Tagliolini with Taleggio and Black Truffle
With just one mouthful of this Northern Italian recipe for tagliolini with taleggio and black truffle, you will fully understand why truffles are the most prized of foraged foods and have been called the diamonds of the kitchen!
Tagliolini al tartufo con taleggio.
The other day my hubby came home with a bag of black truffles! Yes a whole bag! 20 truffles! In many parts of the world you’d pay a fortune for that! In fact, black truffles are often referred to as ‘black gold’! But, we are lucky enough to live in a part of Italy where these truffles are quite plentiful, especially in the autumn.
My hubby is a family doctor in a mountain village and his patients often bring him presents of foraged foods or homemade yummies! Last week it was black truffles; the week before, honey mushrooms with which I made a wonderful pasta with white ragu and wild mushrooms!
Truffles in Italy.
There are two kinds of truffles found in Italy; white and black. Black truffles are harvested in autumn and winter. So it’s truffle season now! These truffles can be found in a number of parts of Italy. Because they are more common than white truffles, they cost less, but are still highly valued in the kitchen.
White truffles are rarer. They are found mostly in Piemonte/Piedmont. The most famous white truffles come from the countryside around the cities of Alba and Asti. However, they are also found in la Marche near Urbino, in Molise and Abruzzo and in Tuscany.
So, what is a truffle?
In short, truffles are a fungus that grows near tree roots. In fact, this subterranean mushroom is found among the roots of chestnut, oak, hazel, and beech trees. The word truffle comes from the Latin ‘tuber’, meaning outgrowth. Truffles date back to as early as the Sumerians and ancient Egyptians, who loved them and ate them coated in goose fat!
A little truffle history.
In the Middle Ages, truffles became unpopular. This is because, the church believed that because of the exotic aroma, truffles were the creation of the devil. They were even known as the ‘witch’s fare’. And, for centuries, very few people ate them. During the Renaissance, truffles became popular again. Louis XIV of France was fascinated by truffles and even tried, unsuccessfully, to cultivate them!

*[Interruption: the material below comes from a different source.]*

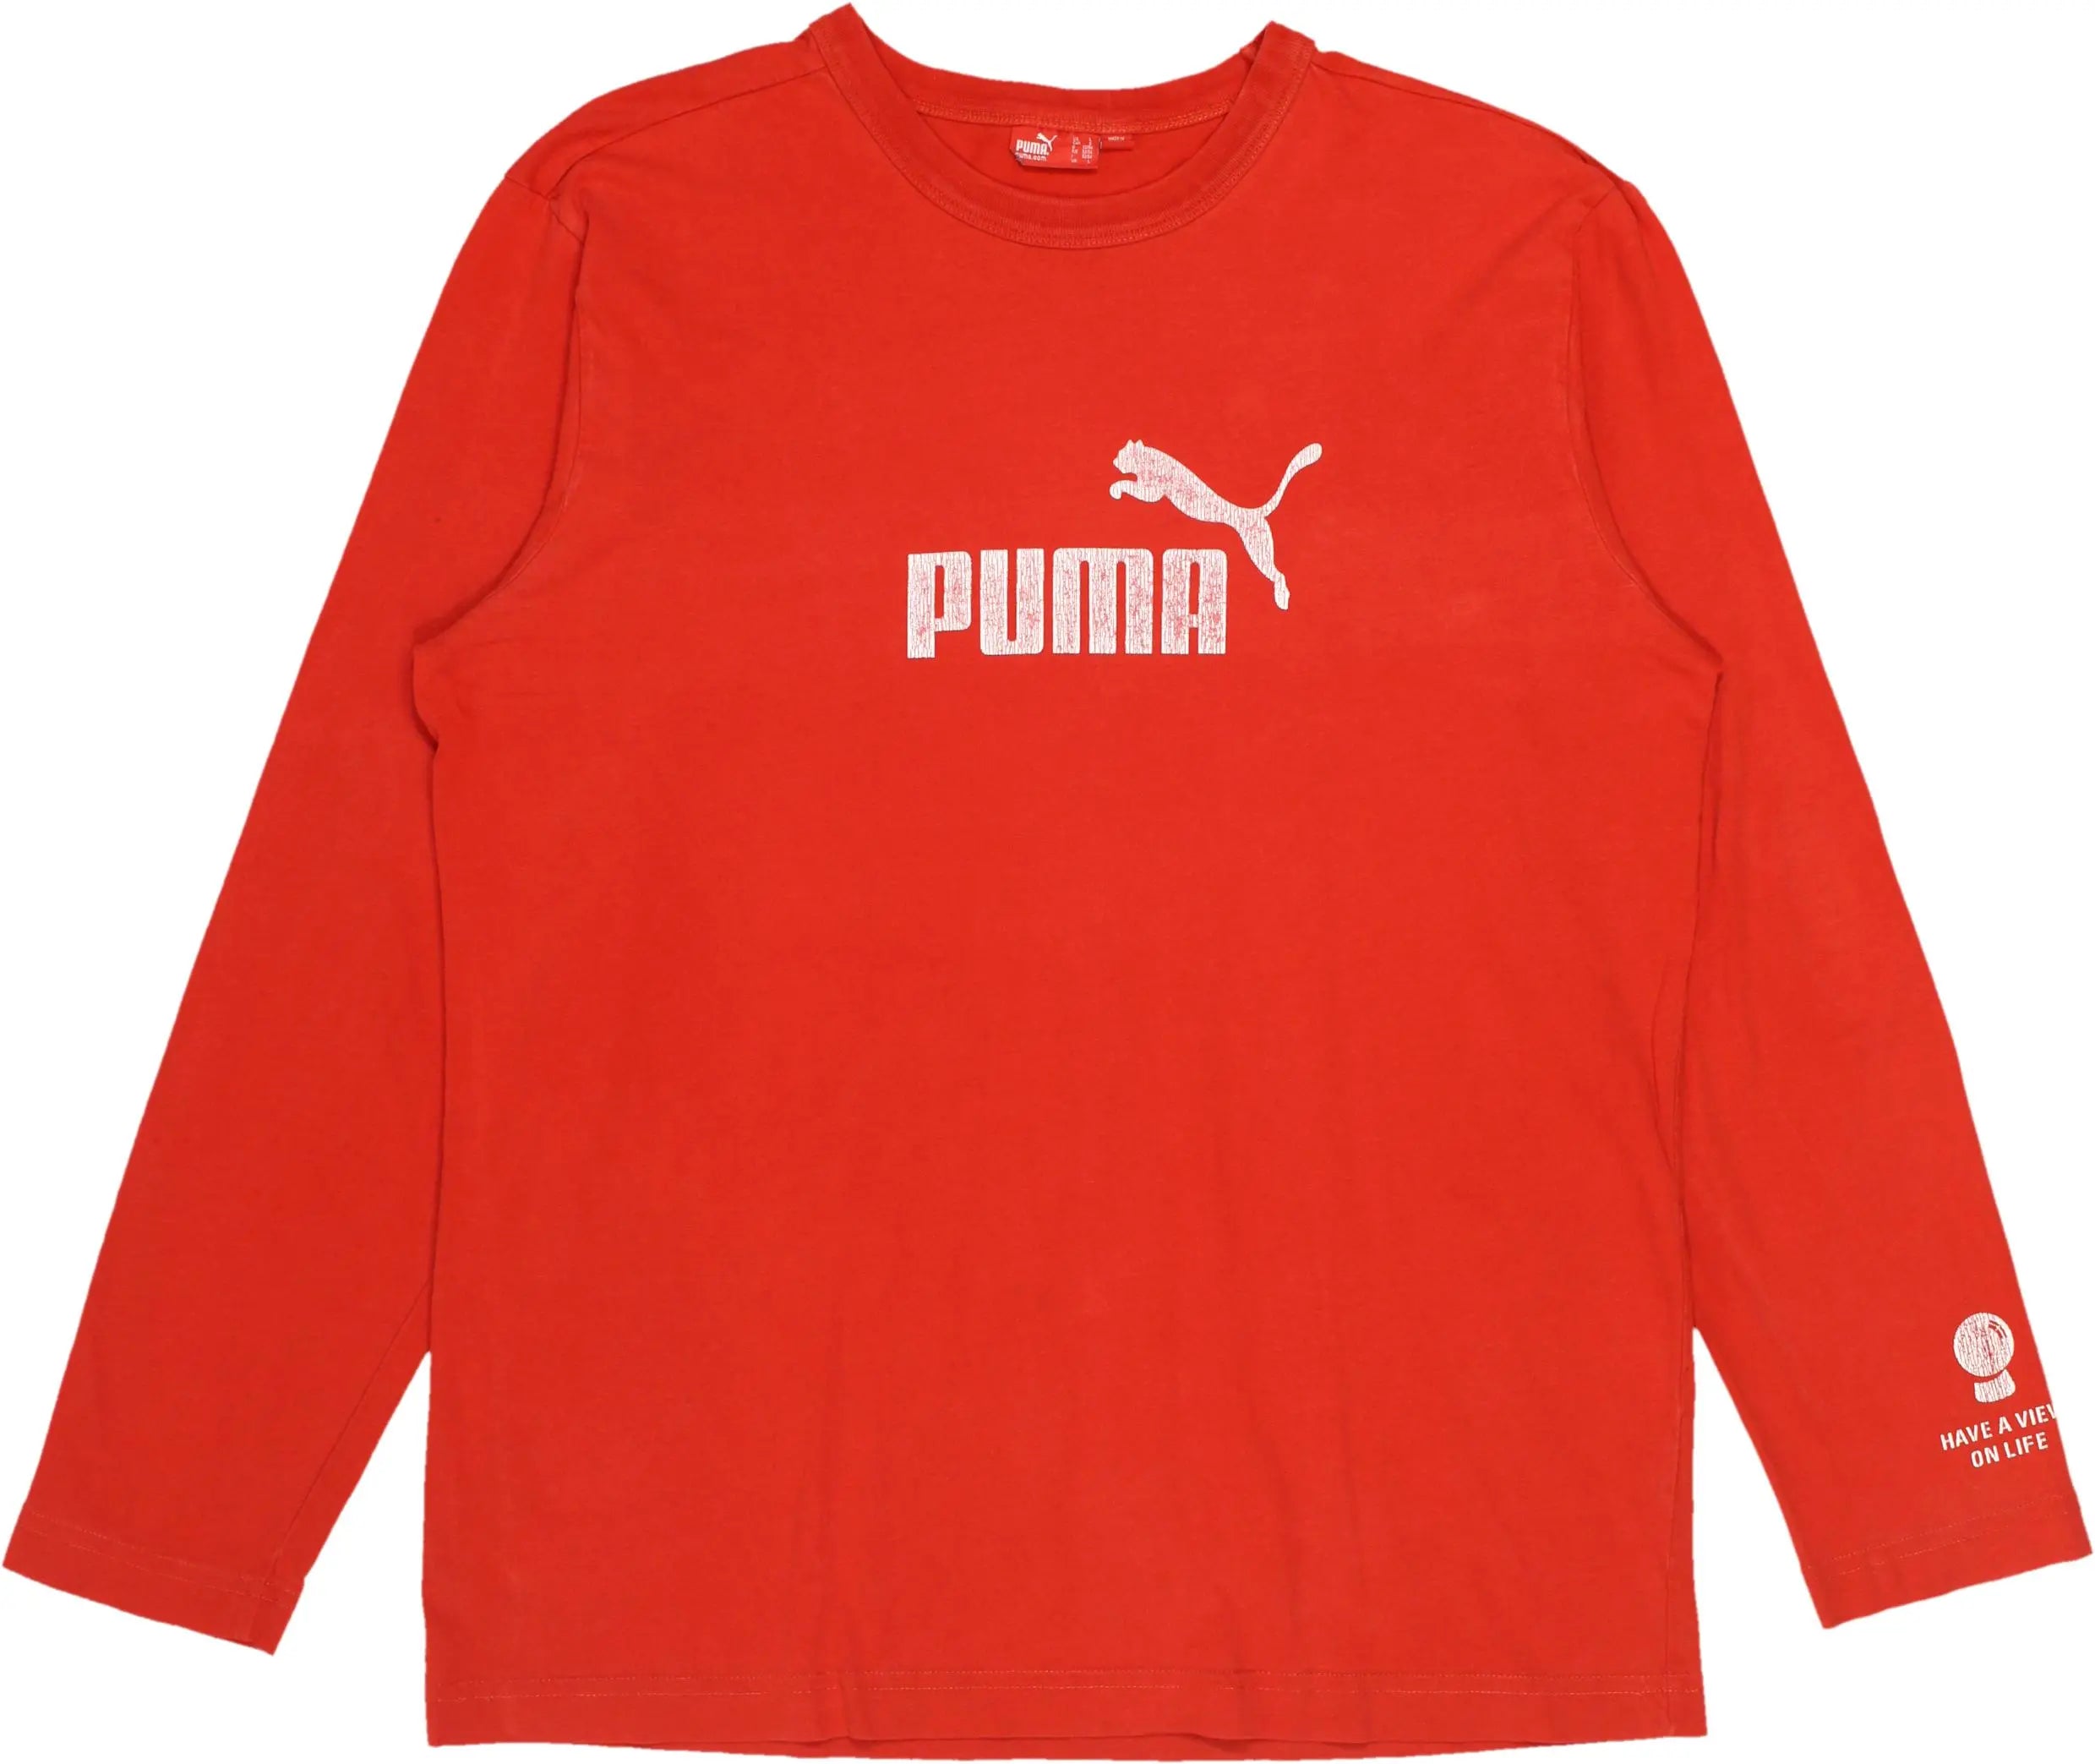 Puma - Red Long Sleeve Shirt by Puma- ThriftTale.com - Vintage and second handclothing

In the 1700s the white truffle from Piemonte was considered by all the European courts to be a choice delicacy. Truffle hunting became court entertainment. Guests and foreign ambassadors to Turin were invited to take part. Between the end of the 17th and the beginning of the 18th century, the Italian kings Vittorio Amedeo II and Carlo Emanuele III were serious truffle hunters.
Today truffles are considered among the most sought after delicacies. Although there is some truffle farming in France, Italy and other countries, it is an expensive undertaking. It takes up to 30 years for a truffle orchard to reach full production because truffles have to be farmed with their host tree!

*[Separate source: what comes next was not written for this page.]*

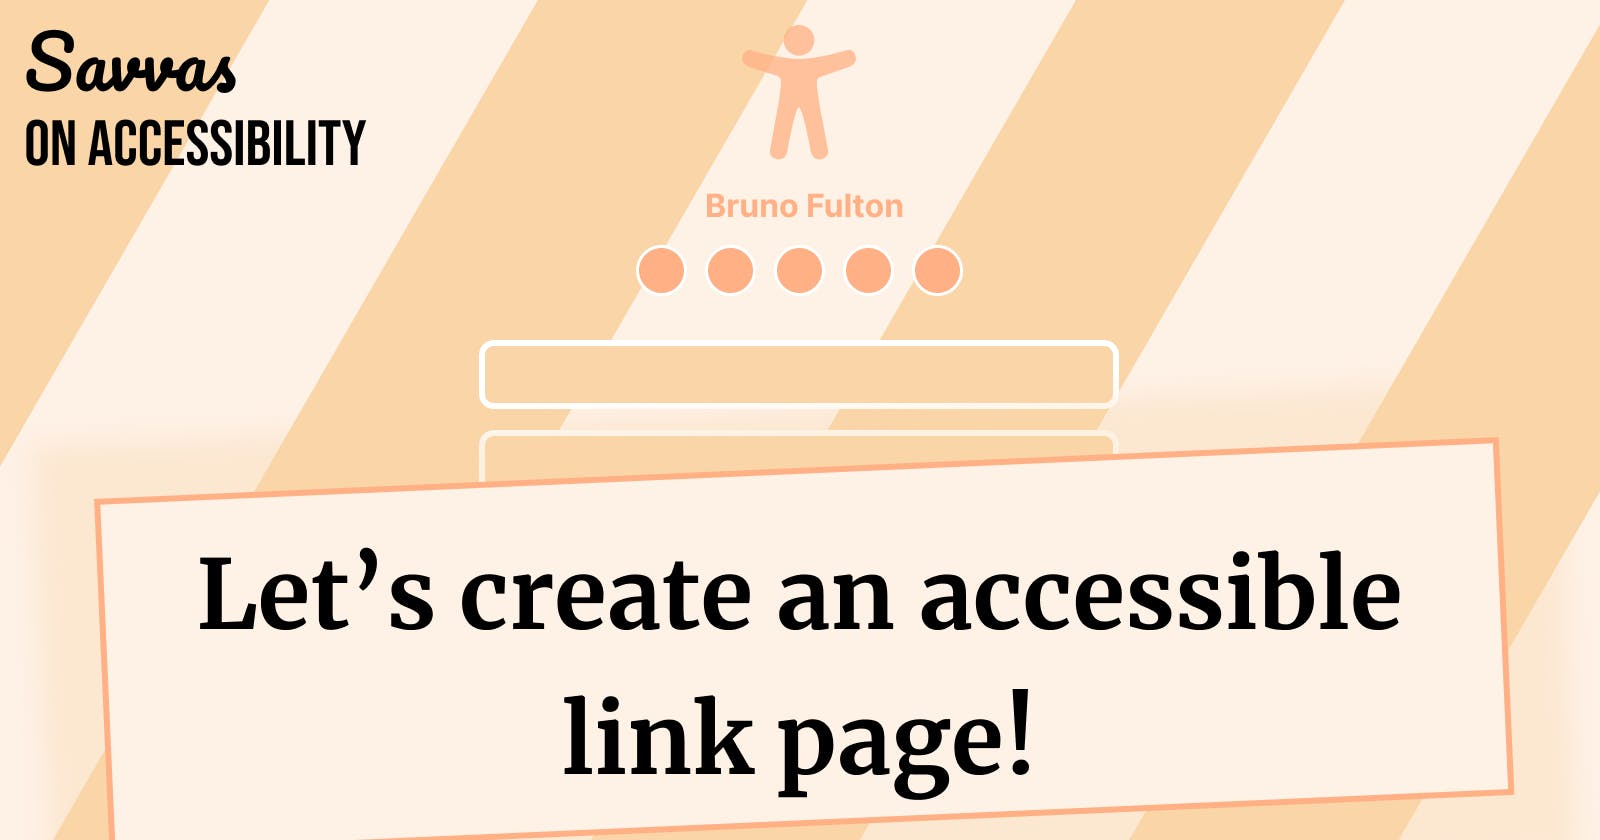 Let’s create an accessible link page!

Pasta recipes with truffles.
Most Italian pasta recipes for black or white truffles are pretty simple. Truffles are rarely cooked in the sauce. Instead, truffle shavings are added to the finished dish and the truffle is eaten raw. Because truffles have a strong umami flavour they are usually paired with only a few other ingredients. Among the few other strong flavoured competing ingredients you may find in a truffle dish is porcini mushrooms. But since both are foraged fungus, they actually go together really well. Double the deliciousness!
The cheese.
Different types of cheese are often paired with truffles. In fact, you can buy cheese made with truffle in it here in Italy! So delicious! In this tagliolini with taleggio and truffle recipe, I have used taleggio, a typical Northern Italian semi-soft ripened cheese from the Val Taleggio in Lombardy. Although taleggio smells quite strong, it has a relatively mild taste. It is also is a great melting cheese.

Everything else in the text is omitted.